Highlights & Insights¶
- The paper elevates the question of "whether synthetic data is effective" from an empirical recipe to an information boundary problem. This perspective is practical as it forces one to ask: which variable in the pipeline carries task information outside the current model.
- The meta-level formulation is highly explanatory. Many seemingly different success cases—code unit tests, Lean proof checkers, format rewards, SAT solver evaluators—essentially compress diverse outputs into a few behavioral equivalence classes.
- The explanation for reward hacking is more actionable than common narratives: if spurious features are more efficient than the real target, learning them is a rational optimization outcome. Thus, data construction must actively break coarse-grained spurious correlations like length, style, or source model.
- The paper provides inspiration for training design: instead of pursuing more synthetic samples, prioritize investing in stable verifiers, fixed judges, executable environments, and diverse prompt coverage.
Limitations & Future Work¶
- The framework is primarily a qualitative explanation and cannot directly predict exact sample requirements, verifier precision, or training rounds needed for a pipeline to succeed.
- The thesis that "models prioritize convergence to the most information-efficient signal" relies on simplicity bias in gradient learning and case support, rather than being strictly derived from mutual information decomposition.
- External signals are treated as given variables, but in reality, verifiers have errors, blind spots, and vulnerability to optimization attacks. Designing verifiers that remain reliable as model capability increases is an open problem.
- For open-ended generation, safety preferences, and creative tasks, high-quality meta-level signals are difficult to construct, likely requiring hybrid solutions involving human labeling, fixed rubrics, model judges, and behavioral tests.
Related Work & Insights¶
- vs Model Collapse: Existing work observes degradation in self-consuming generative models; this paper uses DPI to explain it as an inevitable trend of information-closed loops.
- vs RLVR / Verifiable Reward: The success of RLVR is not just an RL trick, but the verifier acting as an external signal to keep the training loop information-open.

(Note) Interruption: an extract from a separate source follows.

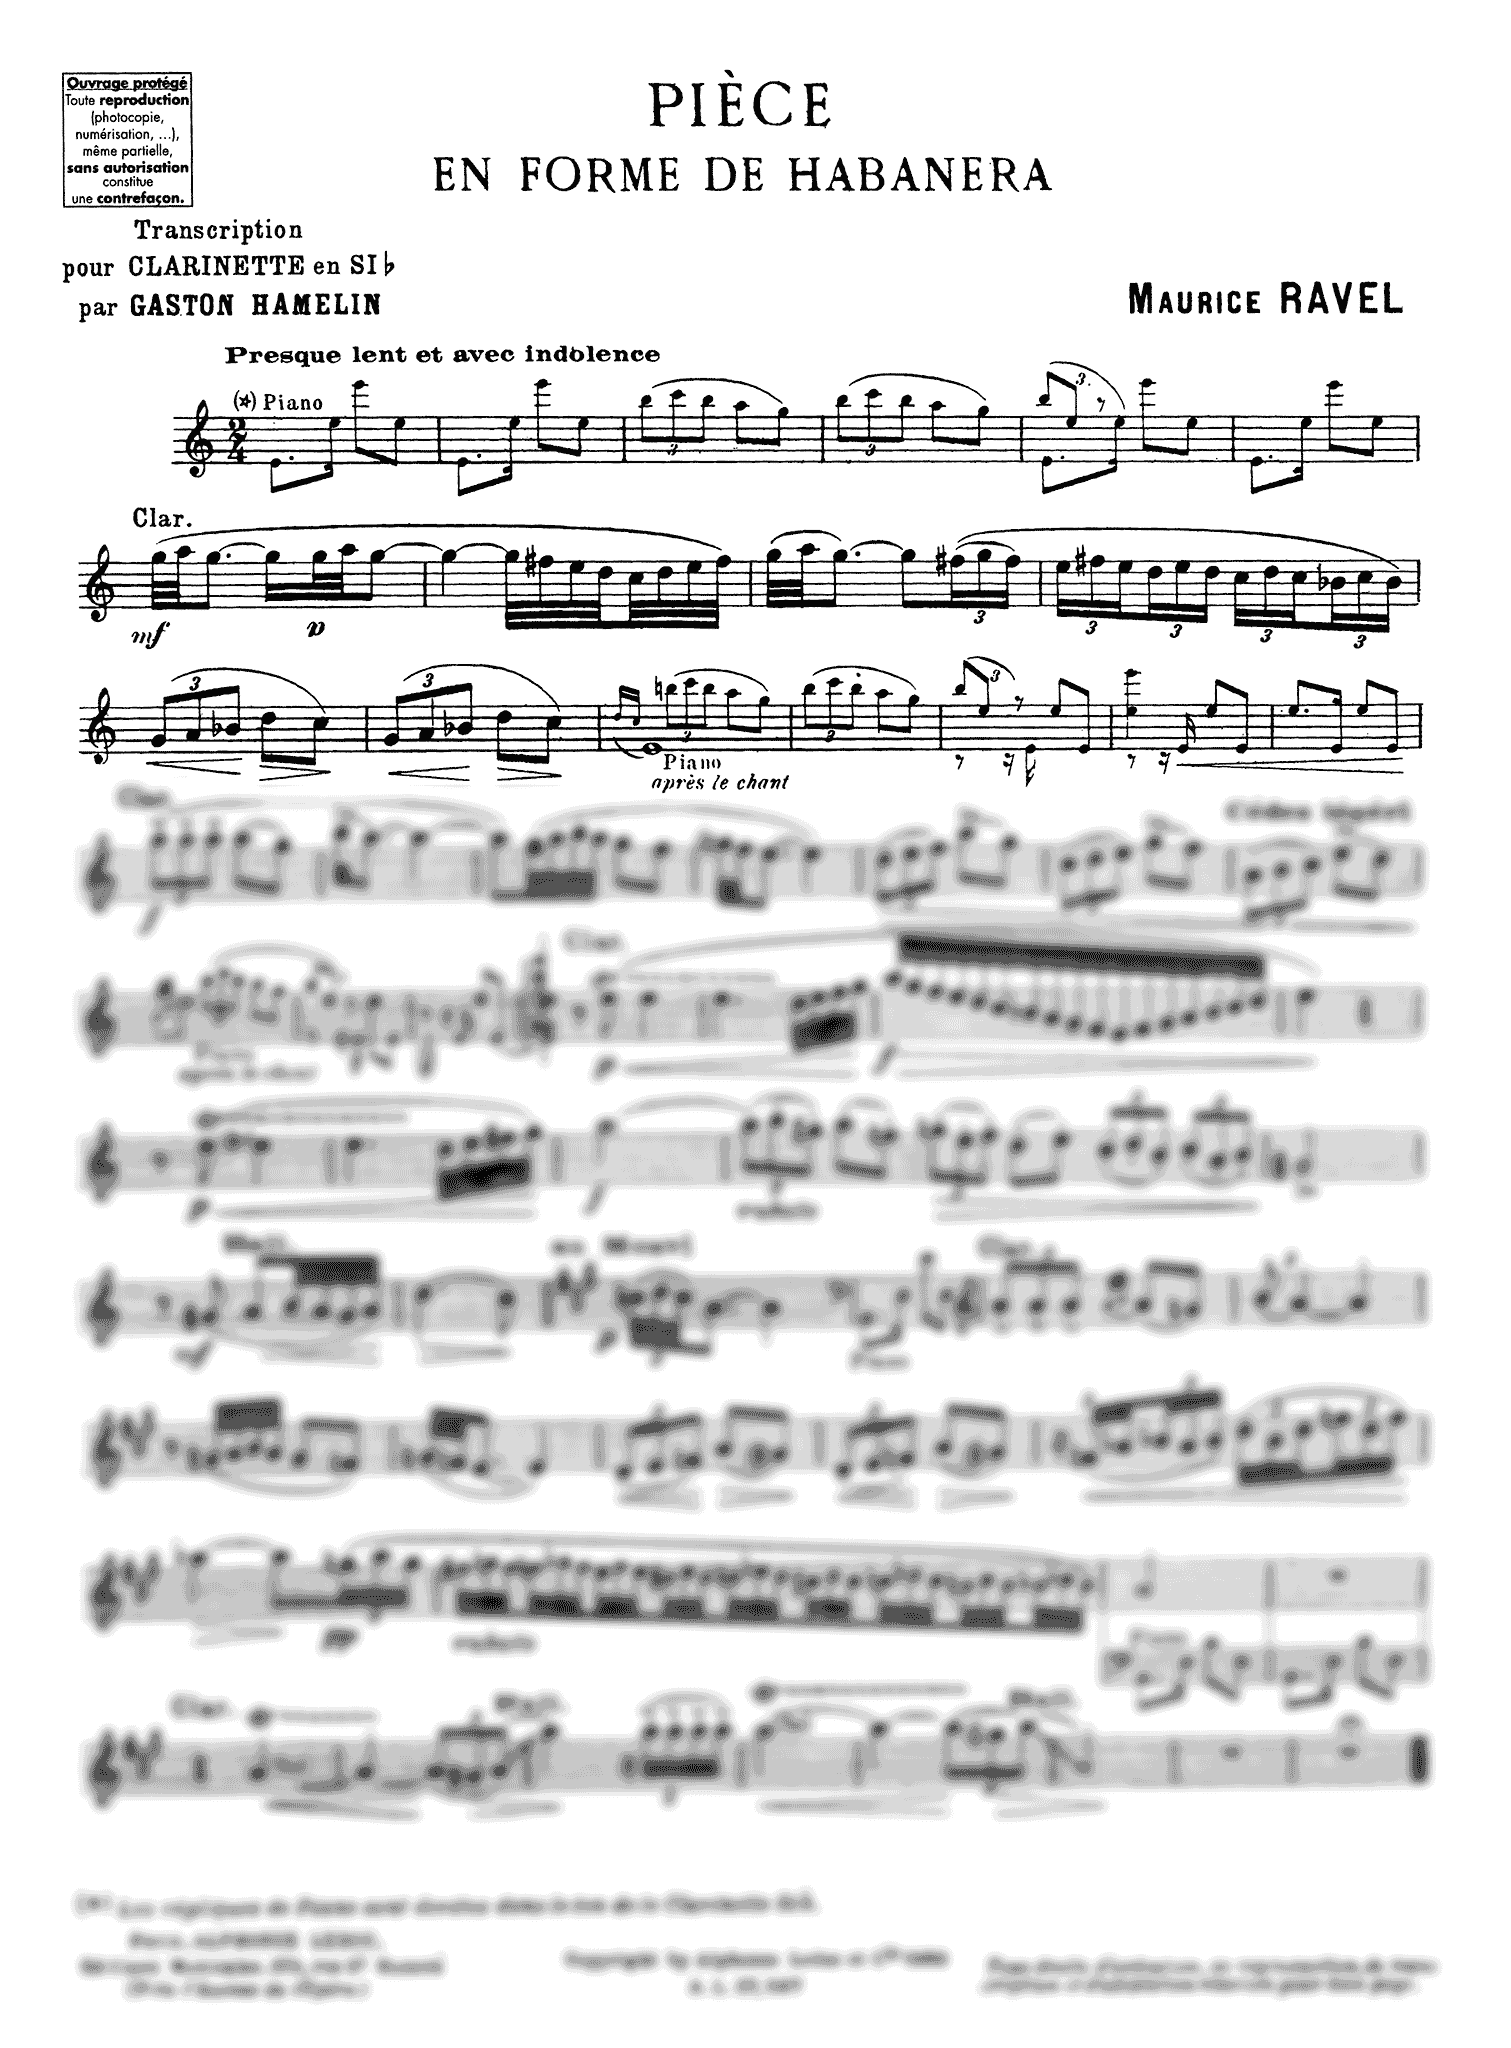 Ravel Pièce en forme de habanera clarinet part
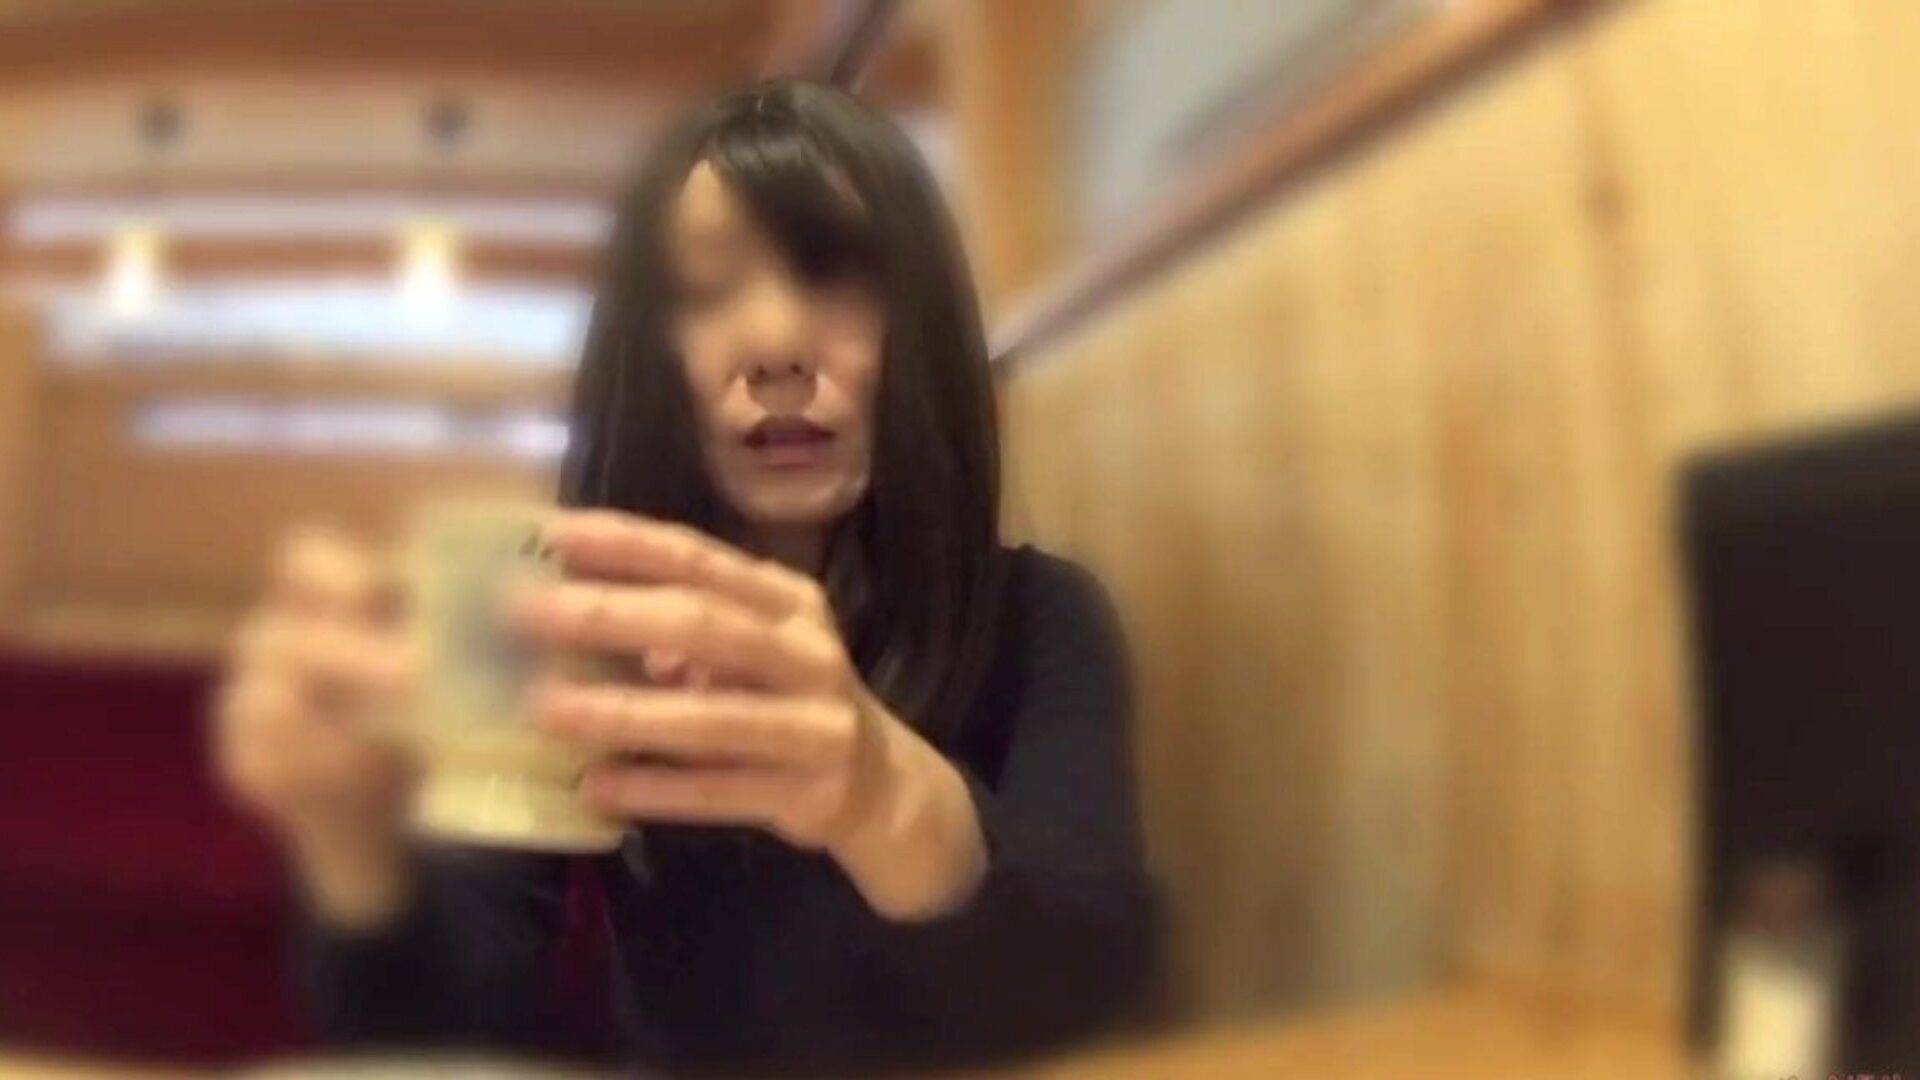 paroháč manželka sundala kalhotky v kavárně: porno zdarma 60 sledovat paroháč manželka sundala kalhotky v kavárně video na xhamster - konečný hejno bezplatných asijských japonských hd gonzo porno videí

- vs SFT Synthetic Data: SFT effectively distills fixed data, but when multiple answers are acceptable, it spends capacity on replicating specific references; this paper identifies this as an inefficiency of low meta-level signals.
- vs Sutton’s Bitter Lesson: The paper interprets "letting computation discover structure" as using meta-level constraints rather than instance-level hardcoded knowledge: signals define what is correct, not what it must look like.
Rating¶
- Novelty: ⭐⭐⭐⭐⭐ Uses information-openness and meta-level injection to unify synthetic data, RLVR, collapse, and reward hacking.
- Experimental Thoroughness: ⭐⭐⭐⭐☆ Extensive case and theoretical analysis, though lacks a unified reproducible benchmark with quantitative predictions.
- Writing Quality: ⭐⭐⭐⭐⭐ Clear conceptual chain, from DPI to information decomposition to practical cases.
- Value: ⭐⭐⭐⭐⭐ High reference value for designing LLM synthetic data pipelines, verifiers, and reward models.